The sound of early-era Fall – before their scrubbed-up, nineties flirtations with pop-chart success – is a jumble of droning, discordant guitar distortion over a primitive back-beat and muscular bass-rumble melody. Their looping song structures built on a stoic adherence to the three R’s – repetition, repetition, repetition. This sonic alliance of chaos and discipline, offering a hypnotic backdrop to Smith’s distinctive adenoidal, Mancunian, over-enunciated-eh, chant-narration-eh. His caustic, misanthropic personality, cultivated in interviews and live performances, looming sullenly over the music like a jarring and malevolent spectre. 
 
A working-class autodidact, Mark E Smith eschewed cosmopolitan intellectualism and reveled in his ‘white crap’ distain for patronising liberal humanism. He poured scorn on any request to explain, justify or confirm the meaning of the band’s songs. Fans and critics alike are left to sift through a jumbled bricolage of grimy refences to English working-class life, sardonic humour and crude atavism. Early album and song titles such as “Live at the Witch Trials” (1979), “A Figure Walks” & “Spectre Vs. Rector” (1979), “City Hobgoblins” (1980), “New Face In Hell” (1980), “Hex Education Hour” (1982), provide the most obvious insight into the band’s on-going fascination with the spooky, weird and uncanny. 

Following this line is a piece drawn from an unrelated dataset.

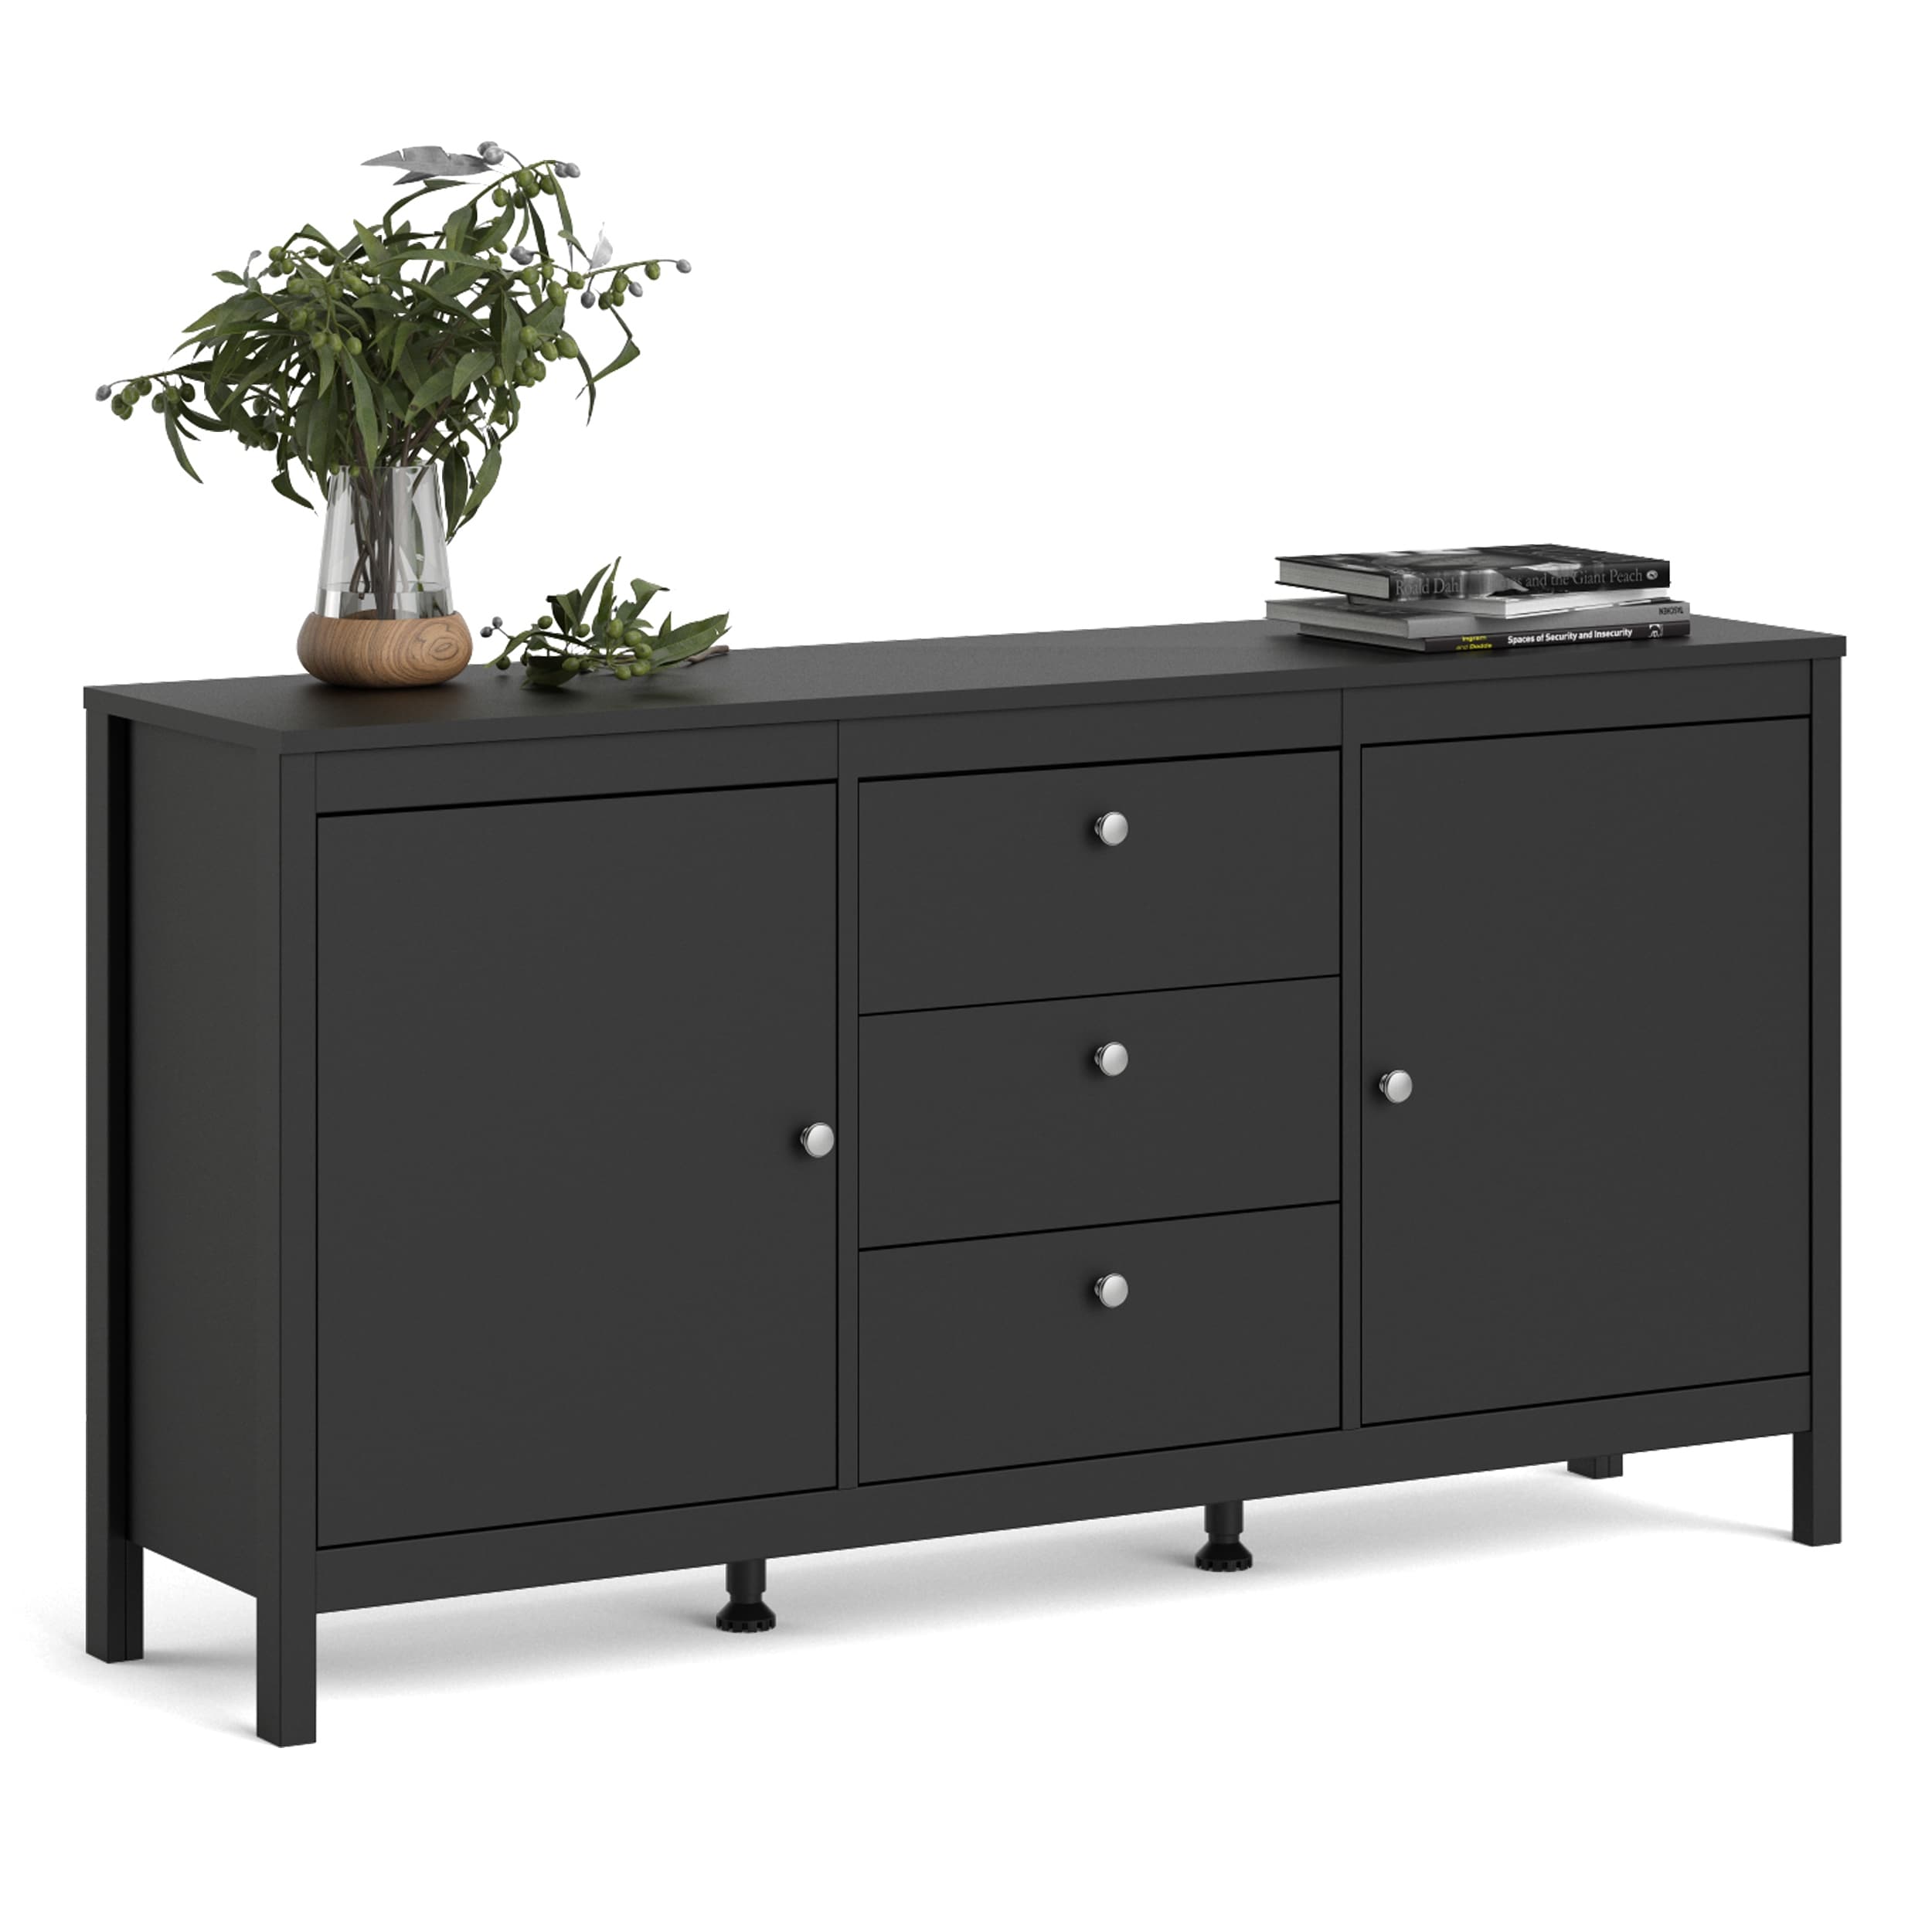 Porch & Den Madrid 2-Door with 3-Drawers & Sale - - On 33673465 Bed Beyond - Bath Sideboard

According to his legend, the young Mark E Smith was an avid reader of the ghost stories of the Victorian scholar M. R. James (1862 – 1936). These tales abandoned the traditional mores of the gothic ghost story and helped to establish many of the protocols of modern horror. Rather than the stately ghosts of his predecessors, James’s ghouls are often lumpen, hairy, hellish nyktomorphs, more daemon than ghost. It’s precisely this type of vengeful, restless creature who stalks the twilight world of The Fall’s mutant landscape. 

The temporal nature of hauntings which allows the past and future to infect the present is central to Mark E Smith’s ‘prophet of Prestwich’ mythology and his supposed psychic abilities. According to the accounts of those close to him, Smith experienced both precognitive visions of the future and visitations from the tragic past. “Futures and Pasts” (1979), is an early example of the band’s deployment of the hauntological. In “Psykick Dancehall” the opening track of “Dragnet” (1979), M E Smith assumes the role of the medium at his own seance, “Is there anybody there?” – “Yeah” is his own disembodied response from beyond the grave.